We calculated 30-day mortality rates between 2004 and 2006 using data from the VHA External Peer Review Program (EPRP), which entails detailed abstraction of records of all patients with AMI. To compare trends within VHA with other systems of care, we estimated relative mortality rates between 2000 and 2005 for all males 65 years and older with a primary diagnosis of AMI using administrative data from the VHA Patient Treatment File and the Medicare Provider Analysis and Review (MedPAR) files.
Using EPRP data on 11,609 patients, we observed a statistically significant decline in adjusted 30-day mortality following AMI in VHA from 16.3% in 2004 to 13.9% in 2006, a relative decrease of 15% and a decrease in the odds of dying of 10% per year (p = .011). Similar declines were found for in-hospital and 90-day mortality.
Based on administrative data on 27,494 VHA patients age 65 years and older and 789,400 Medicare patients, 30-day mortality following AMI declined from 16.0% during 2000-2001 to 15.7% during 2004-June 2005 in VHA and from 16.7% to 15.5% in private sector hospitals. After adjusting for patient characteristics and hospital effects, the overall relative odds of death were similar for VHA and Medicare (odds ratio 1.02, 95% C.I. 0.96-1.08).

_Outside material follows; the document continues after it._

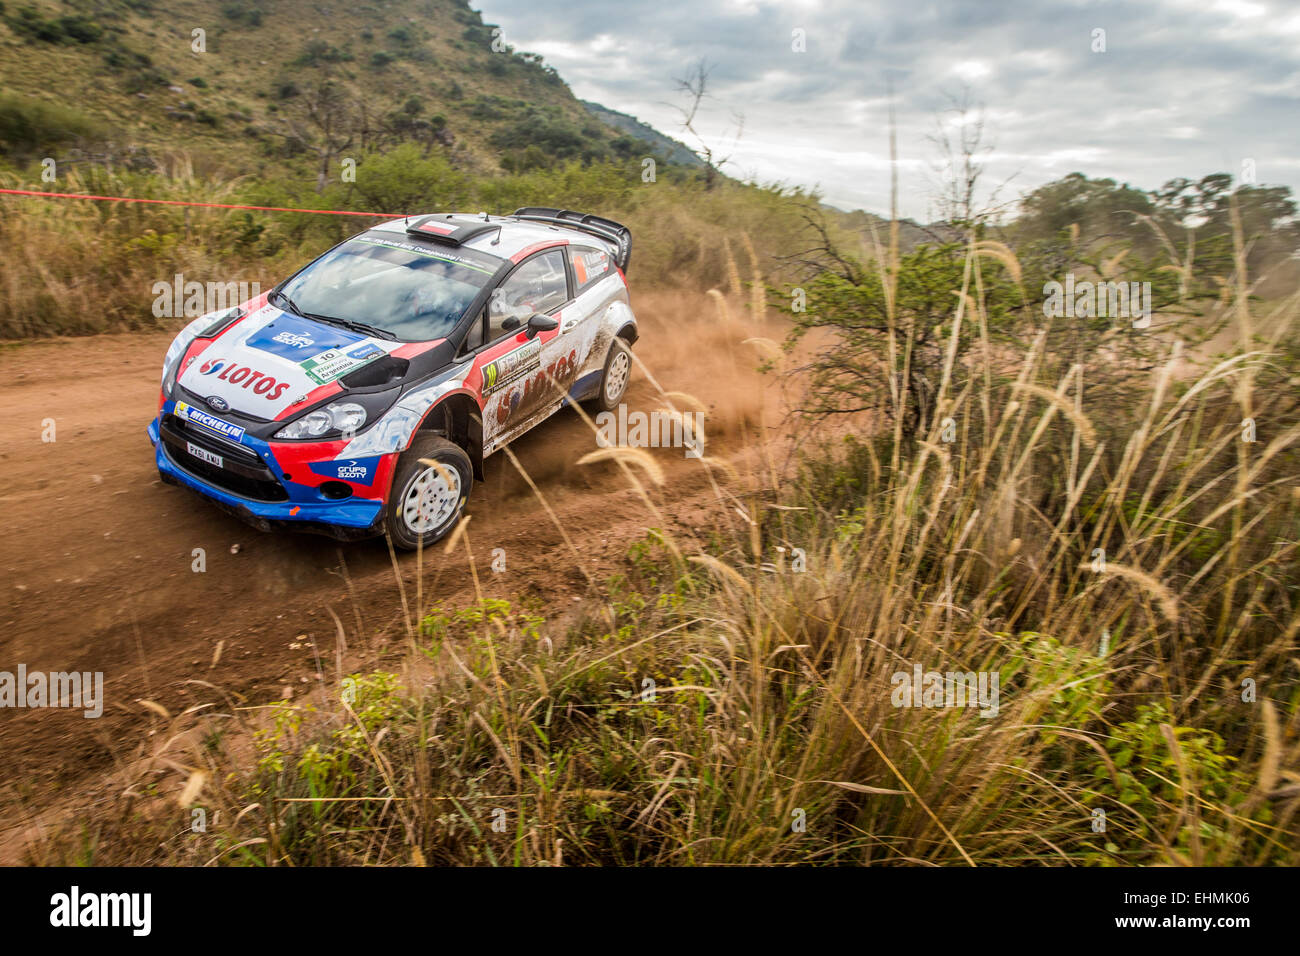 Robert Kubica (POL) of the RK M-Sport World  Rally Team competes in Rally Argentina 2014. by Michael Vettas/Vettas Media Stock Photo

Mortality following AMI within VHA has declined significantly since 2003 at a rate that parallels that in Medicare-funded hospitals.
The Department of Veterans Affairs (VA) operates the largest integrated health care system in the U.S. including 154 medical centers in all 50 states and Puerto Rico. Over the past 12 years the Veterans Health Administration (VHA) has undergone a remarkable transformation accompanied by remarkable improvements in quality.  In a study of nearly 600 patients receiving care from VHA in 12 communities between 1997 and 2000, their health care was generally of higher quality on 294 measures than that received by nearly 1000 patients enrolled in commercial managed care plans in the same communities. More recently, VHA's performance on a wide range of measures that are monitored for patients enrolled in Medicare, Medicaid, and commercial managed care plans (Health Employer Data Set - HEDIS) outpaced that of health care plans in these settings.  On most of the ORYX measures publicly reported by The Joint Commission, VHA's most recent average national scores equaled or exceeded mean scores for non-VA facilities. These achievements reflected by performance measures are paralleled by data indicating that adjusted mortality was lower over a four-year period for patients receiving care in VHA compared with those enrolled in the Medicare Advantage program.  These efforts have led to VHA's recognition as one of the highest quality health care systems in the nation [6–9], although others have questioned their validity. 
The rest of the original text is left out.